- THE RECORDS -
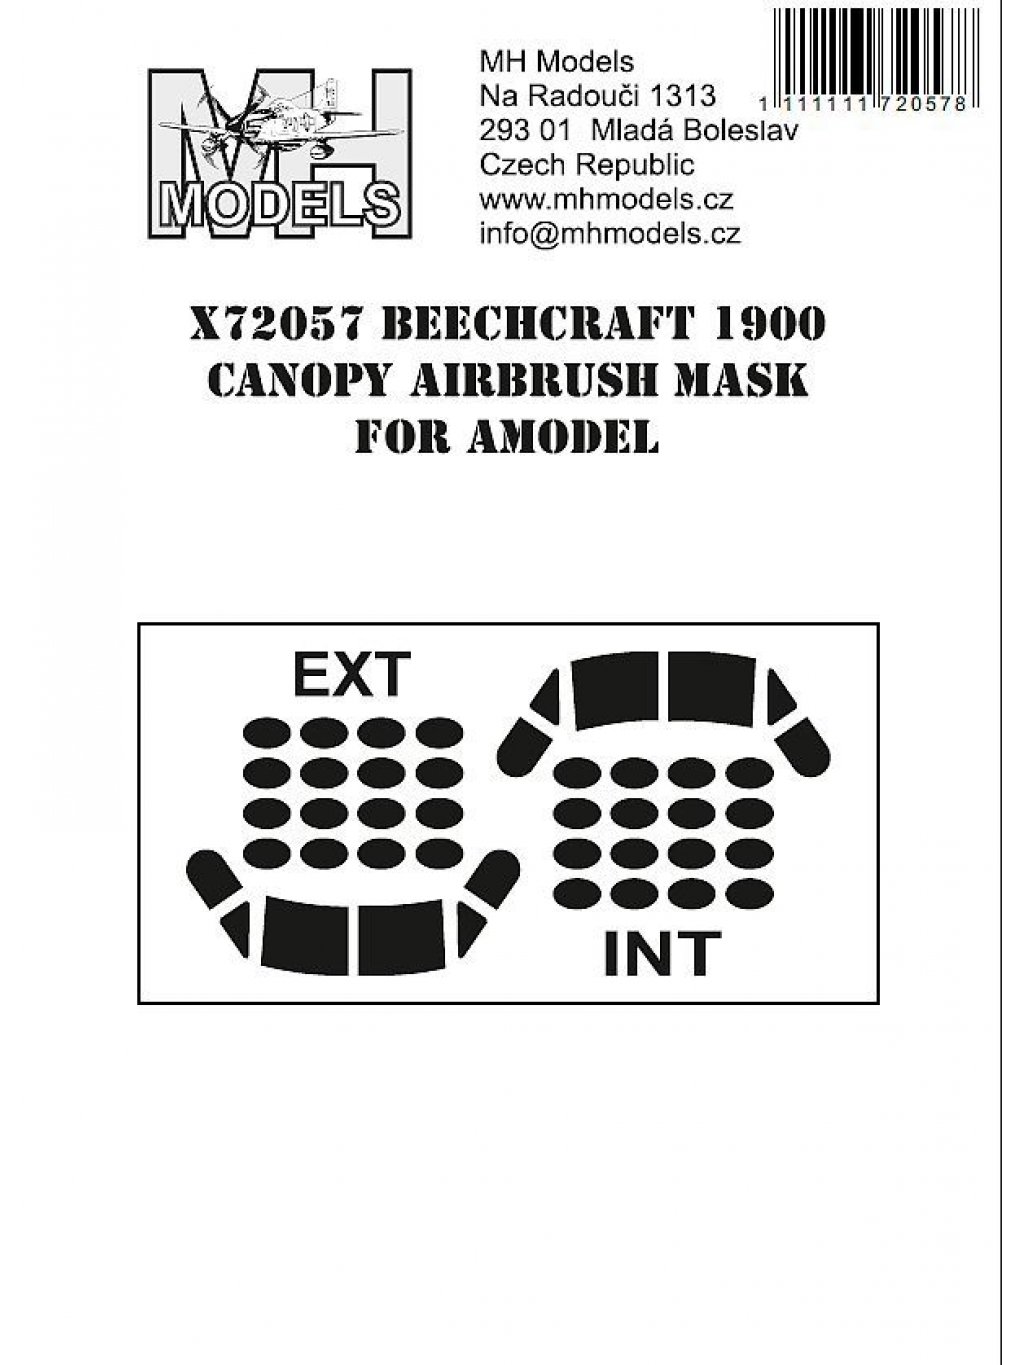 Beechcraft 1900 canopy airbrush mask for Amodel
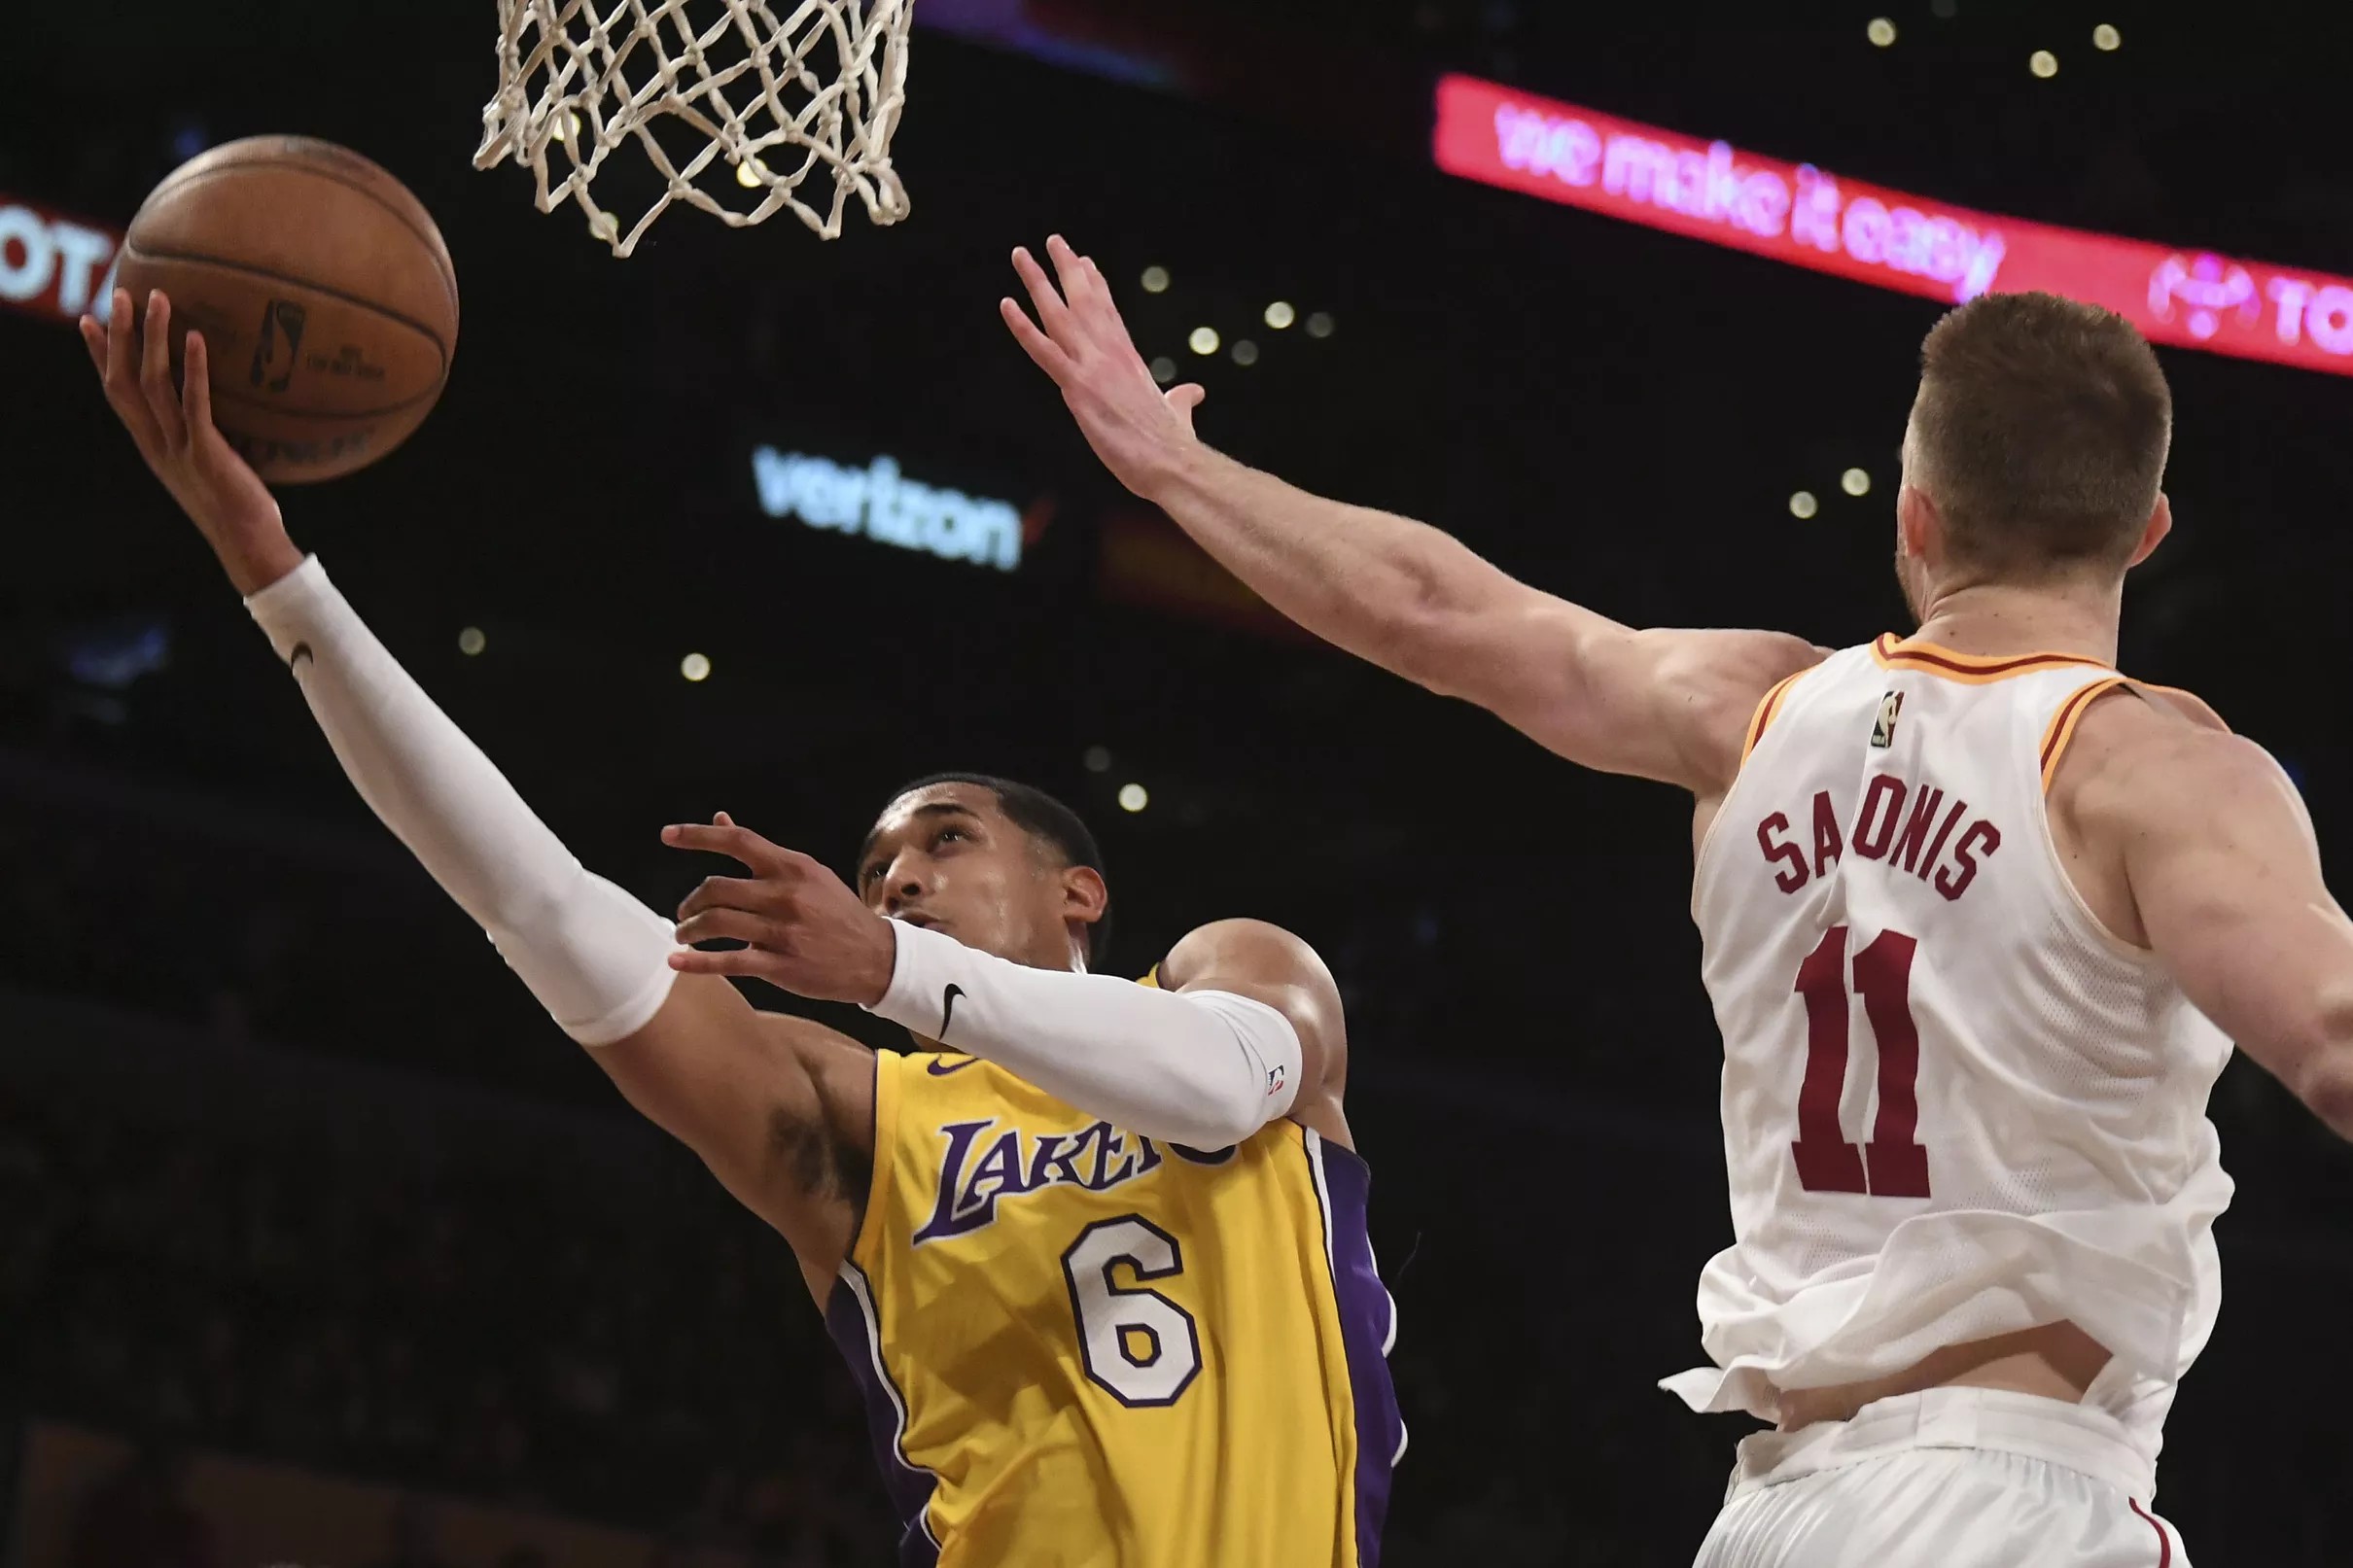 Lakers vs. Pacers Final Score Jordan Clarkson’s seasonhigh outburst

* * *

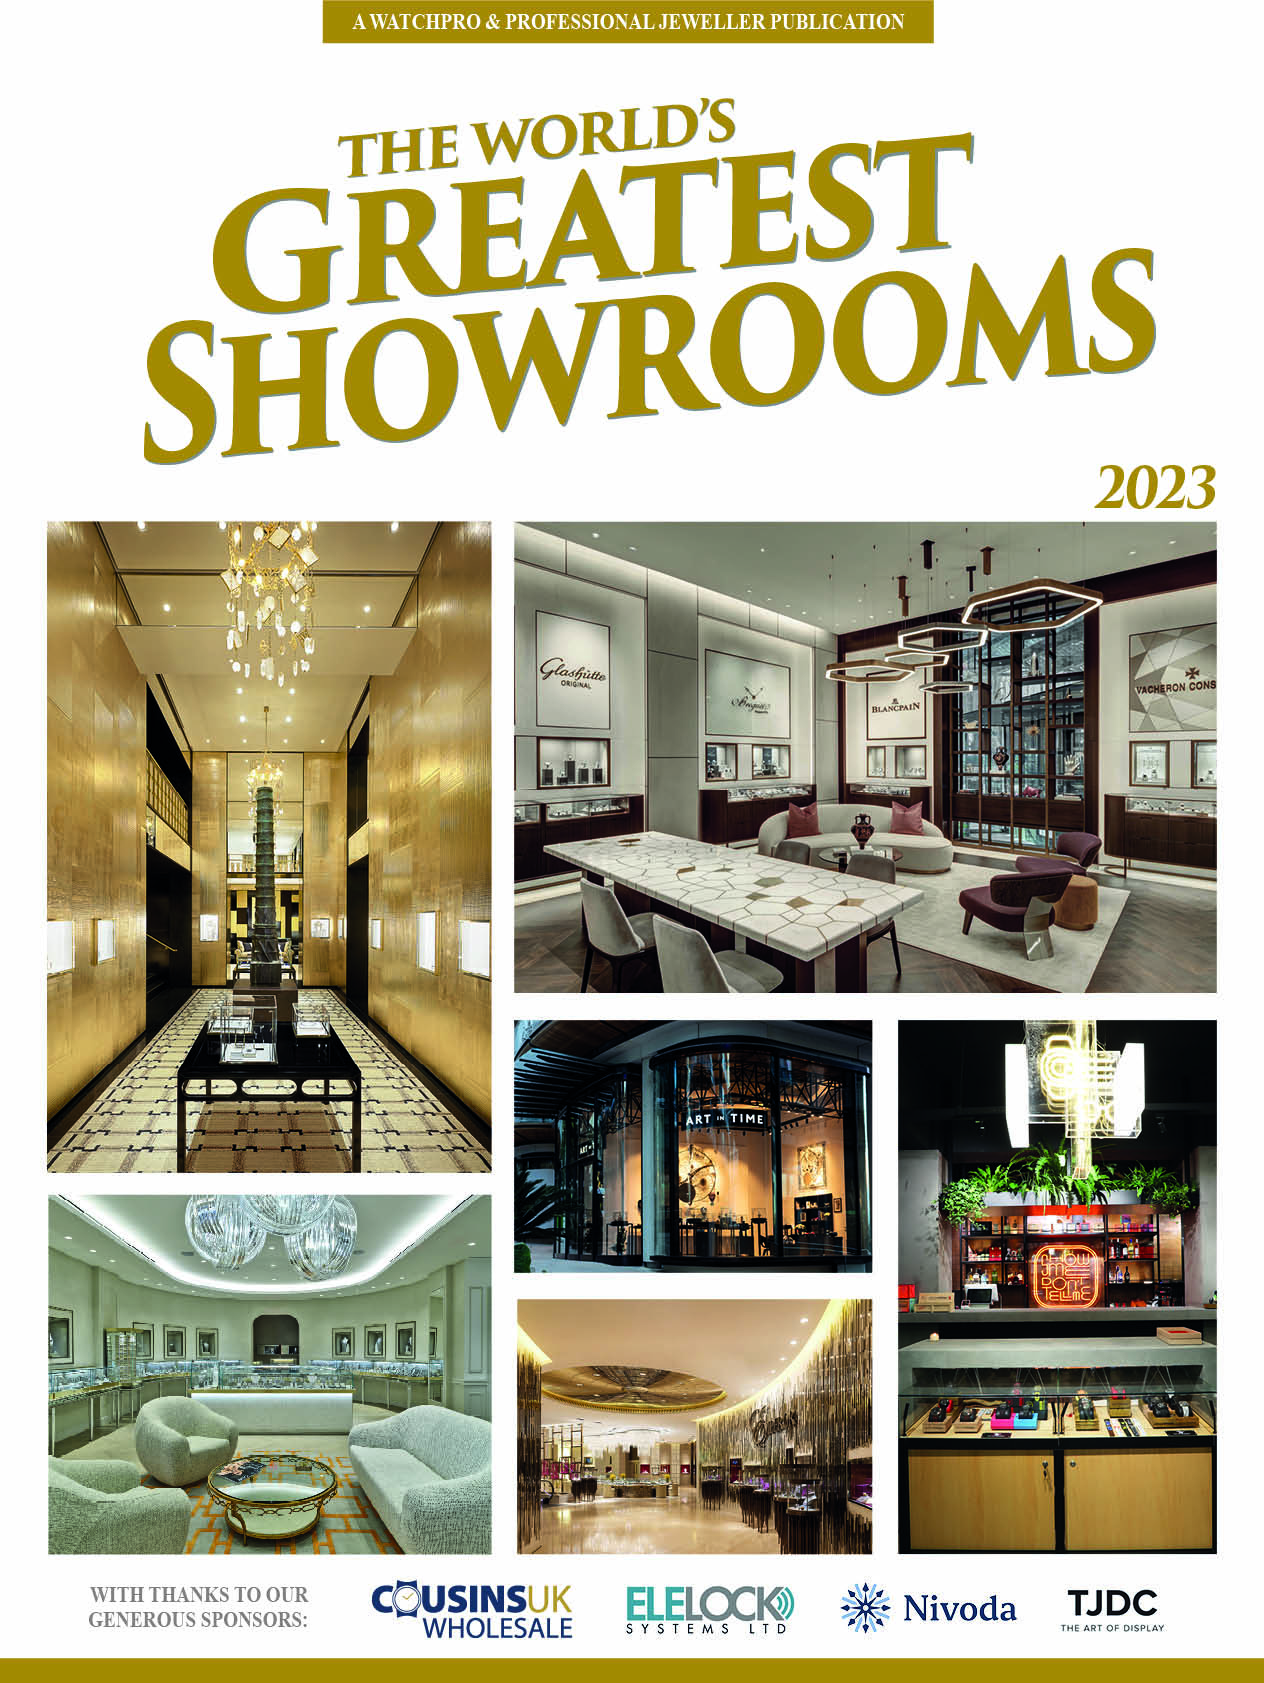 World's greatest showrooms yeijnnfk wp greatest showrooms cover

- DIRECTIONS FOR THIS TASK -
Output only the lines above from the line that holds "Beechcraft 1900 canopy" through the line that holds "Lakers vs. Pacers", both ends included, and exclude pictures.

- EXPECTED ANSWER -
 Beechcraft 1900 canopy airbrush mask for Amodel
 Lakers vs. Pacers Final Score Jordan Clarkson’s seasonhigh outburst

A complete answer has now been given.